The intersection of algorithmic fairness and machine unlearning: how removing training data influences (unlearning) can be leveraged to mitigate model bias and achieve fairer outcomes, and conversely how unlearning procedures can be designed to maintain or improve fairness guarantees. Covers fairness-aware unlearning algorithms, debiasing via selective data removal, and the interplay between certified unlearning bounds and group-level disparity metrics.
Papers
Primary Sources
- Langevin Unlearning — Chien et al. (NeurIPS 2024 Spotlight). Unifies DP training and certified unlearning via Langevin dynamics. First non-convex unlearning guarantees.
- Certified Machine Unlearning via Noisy Stochastic Gradient Descent — Chien et al. (NeurIPS 2024). First mini-batch PNSGD unlearning guarantees via W∞ distance tracking.

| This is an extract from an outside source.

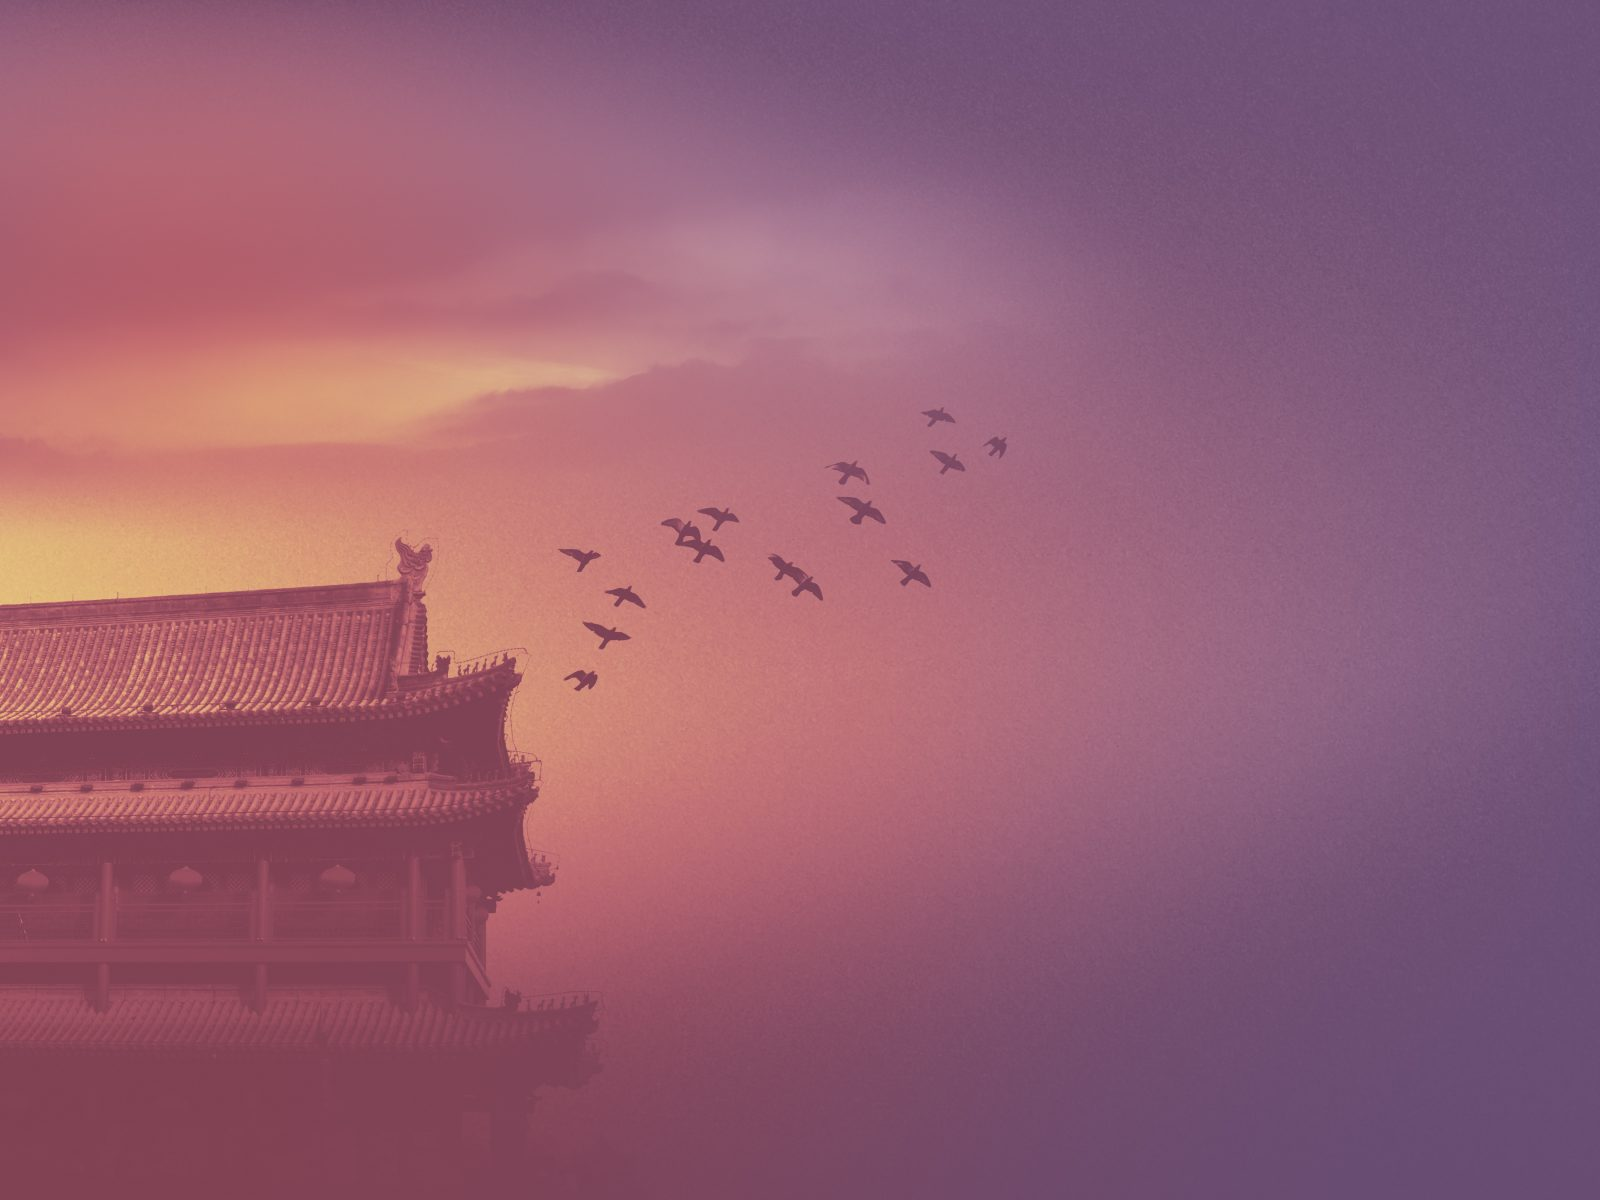 Asian historic building silhouette mystic scene birds

- Fair Machine Unlearning — Oesterling et al. (AISTATS 2024). First fair unlearning method with certified guarantees for Equalized Odds objectives.

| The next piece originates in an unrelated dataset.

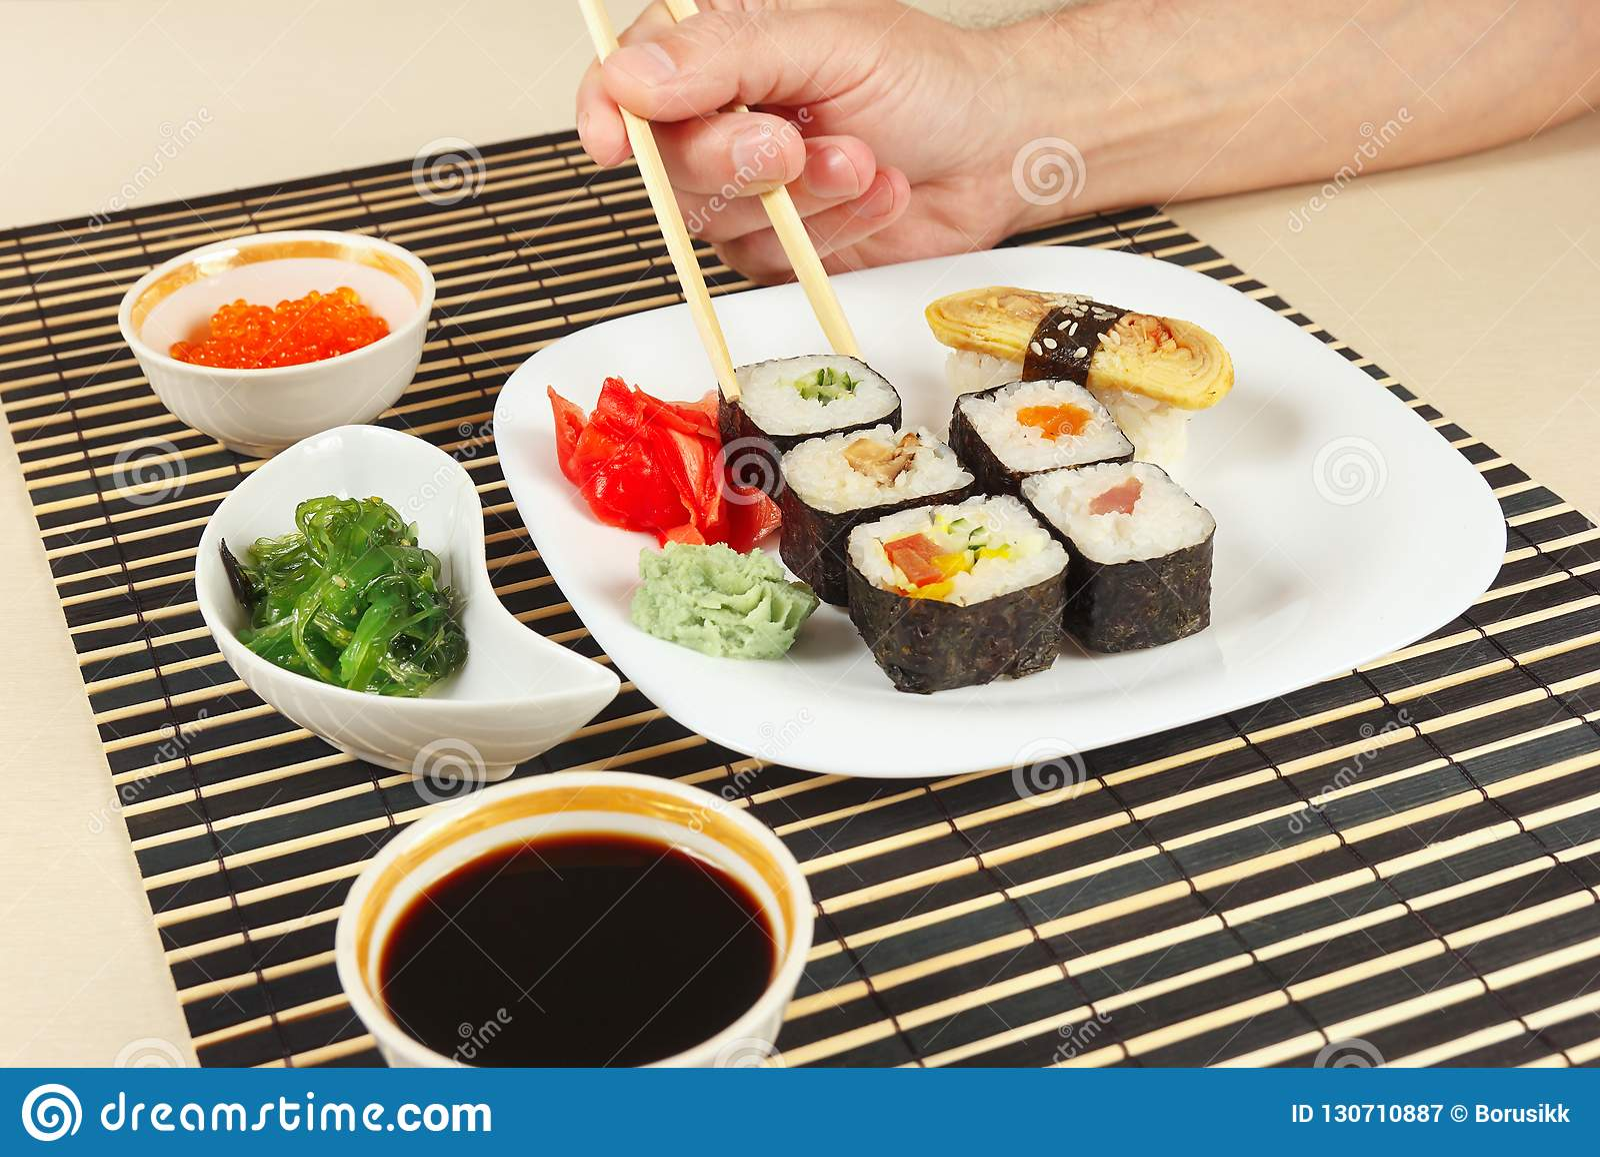 Hands Taking Sushi With Chopsticks Assorted Sushi Chuka

- Fast Model Debias with Machine Unlearning — Chen et al. (NeurIPS 2023). Debiasing via counterfactual bias identification, influence ranking, and Newton-step unlearning.
Foundational Works
- Towards Making Systems Forget with Machine Unlearning — Cao & Yang (IEEE S&P 2015). Introduces machine unlearning via summation form.
- Certified Data Removal from Machine Learning Models — Guo et al. (ICML 2020). Newton update mechanism and (ε,δ)-certified removal.
- Approximate Data Deletion from Machine Learning Models — Izzo et al. (AISTATS 2021). Projective residual update with O(k²d) cost.
Key Concepts
Two distinct approaches emerge:
-
Fairness-preserving unlearning (fair unlearning): Modifying the unlearning algorithm to maintain fairness during data removal. Core challenge: convex fairness regularizers create non-decomposable objectives that break standard Newton-step unlearning.
-
Unlearning-based debiasing (counterfactual debiasing): Using unlearning to remove learned biases by identifying harmful samples via influence on bias and selectively forgetting them.
Both build on the Newton update removal mechanism and statistical indistinguishability framework, while the Chien et al. papers provide an alternative via Langevin unlearning and Rényi unlearning.
Open Questions
- Can Langevin/PNSGD unlearning extend to fairness-constrained objectives?
- How do fairness guarantees compose across sequential unlearning requests?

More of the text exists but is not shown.